Its findings will serve as the basis for discussions at the Fourth High-Level Group Meeting on Education for All (Brasilia, November 8-10). This small, flexible group comprising high-level leaders from governments and civil society in developing and developed countries, plus UN agencies and other international organizations, serves as a lever for political commitment and technical and financial resource mobilisation for EFA.

Informed by the Global Monitoring Report, it also provides an opportunity to hold the global community to account for commitments made at the Dakar Forum.

*Over 160 countries attending the World Education Forum (Dakar, Senegal, 2000) pledged to achieve by 2015:

1. wider access to early childhood care and education;

2. universal primary education;

3. improved youth and adult learning opportunities;

4. a 50 percent improvement in adult literacy rates;

5. gender equality;

6. an improvement in all aspects of the quality of education.

Quality is at the heart of education. It influences what students learn, how well they learn and what benefits they draw from their education.

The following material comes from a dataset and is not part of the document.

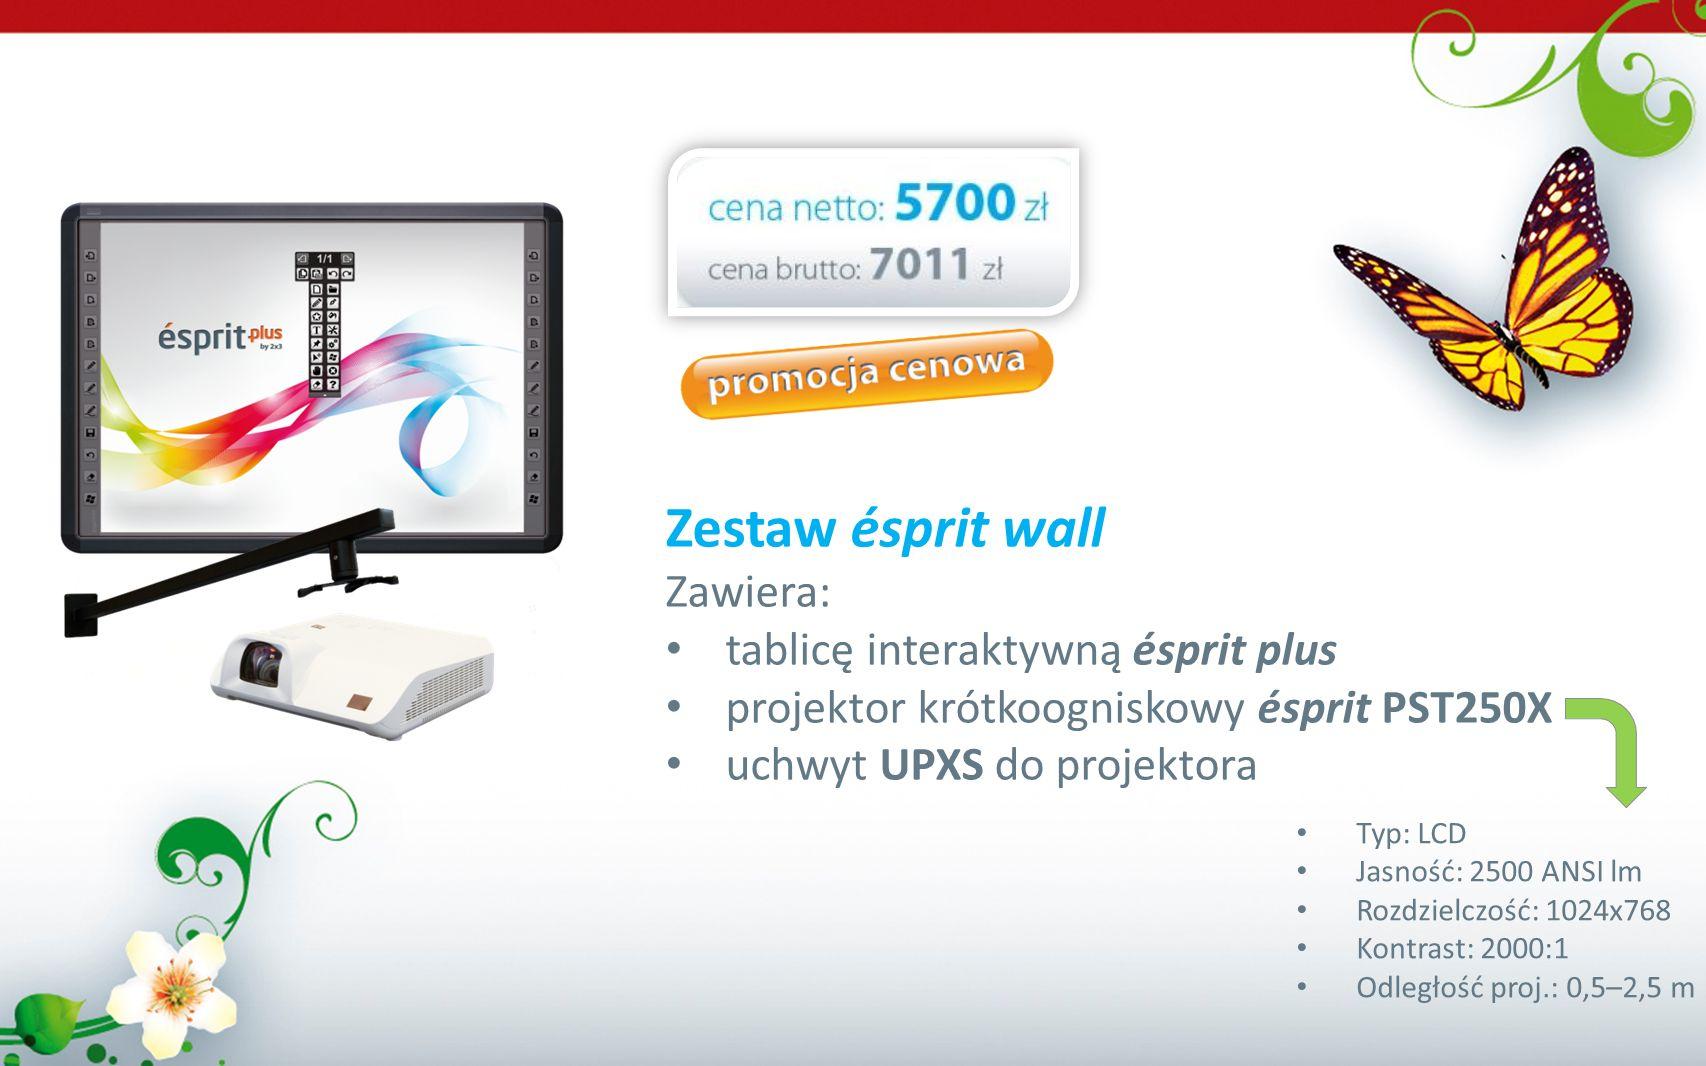 Zestaw ésprit wall Zawiera: tablicę interaktywną ésprit plus projektor krótkoogniskowy ésprit PST250X uchwyt UPXS do projektora Typ: LCD Jasność: 2500
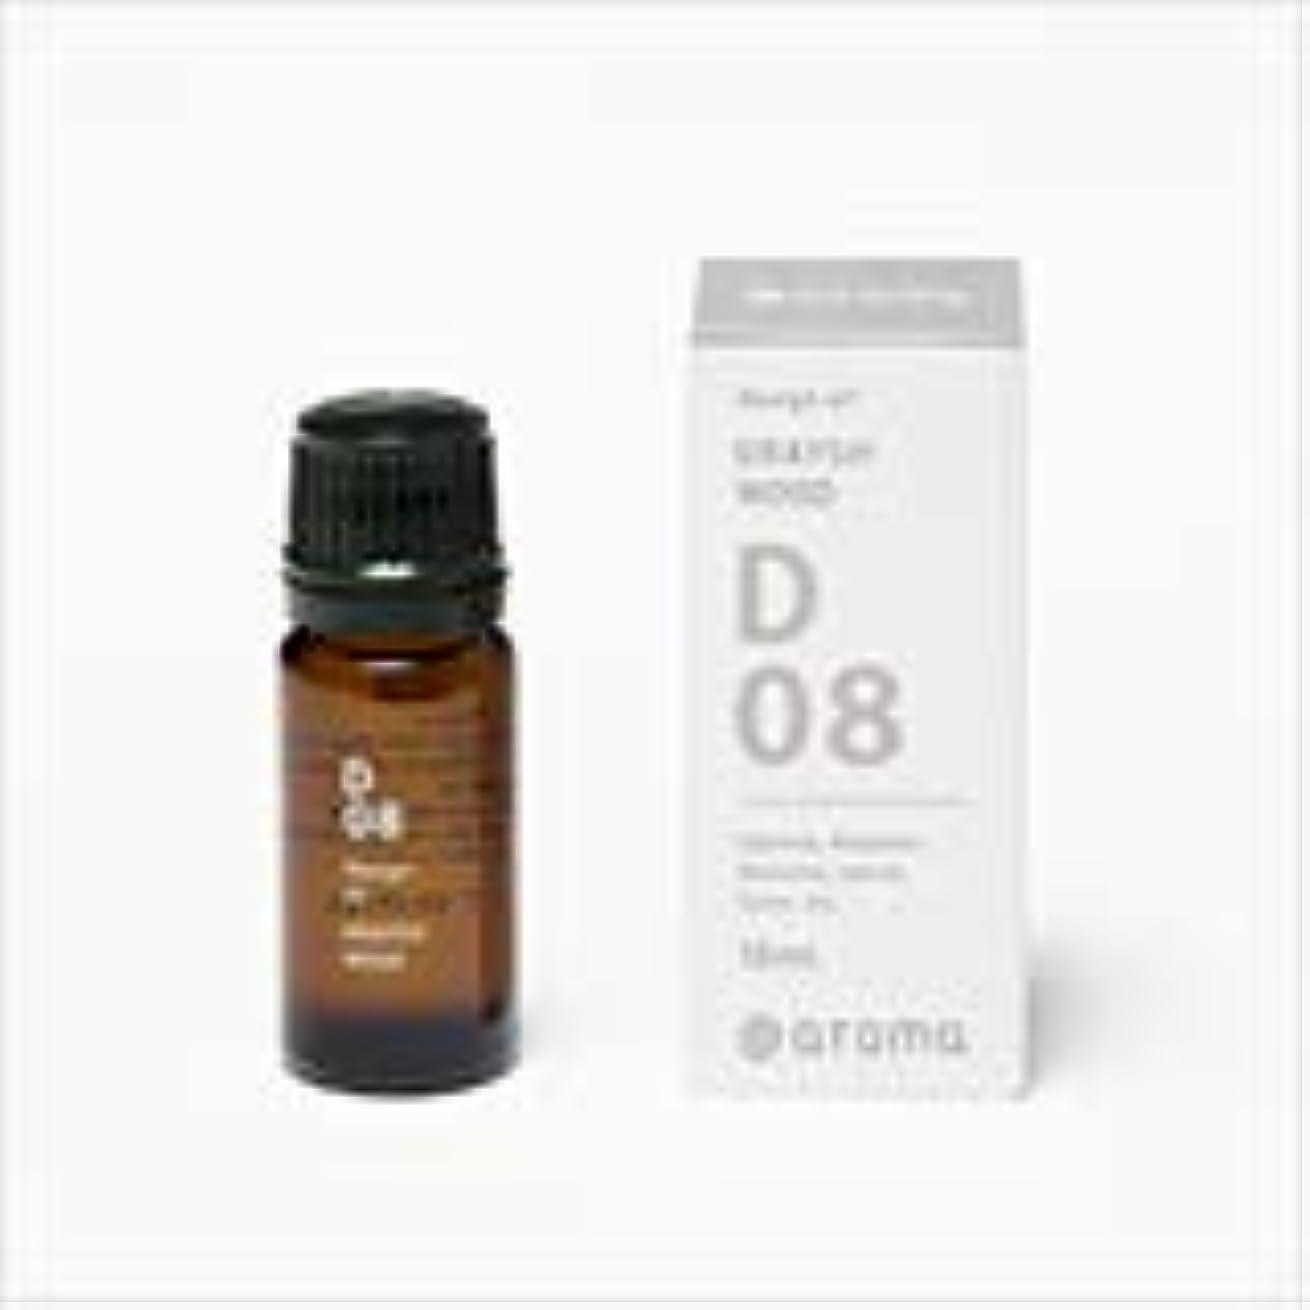 マウスホーン画面アットアロマ 100%pure essential oil <Design air サニーデイ>

The quest to ensure that students achieve decent learning outcomes and acquire values and skills that help them play a positive role in their societies is an issue on the policy agenda of nearly every country.

As many governments strive to expand basic education, they also face the challenge of ensuring that students stay in school long enough to acquire the knowledge they need to cope in a rapidly changing world.

Assessments show that this is not happening in many countries. This Report reviews research evidence on the multiple factors that determine quality, and maps out key policies for improving the teaching and learning process, especially in low-income countries. It monitors international assistance to education and progress towards the six goals of Education for All, to which over 160 countries committed themselves in 2000, at the World Education Forum.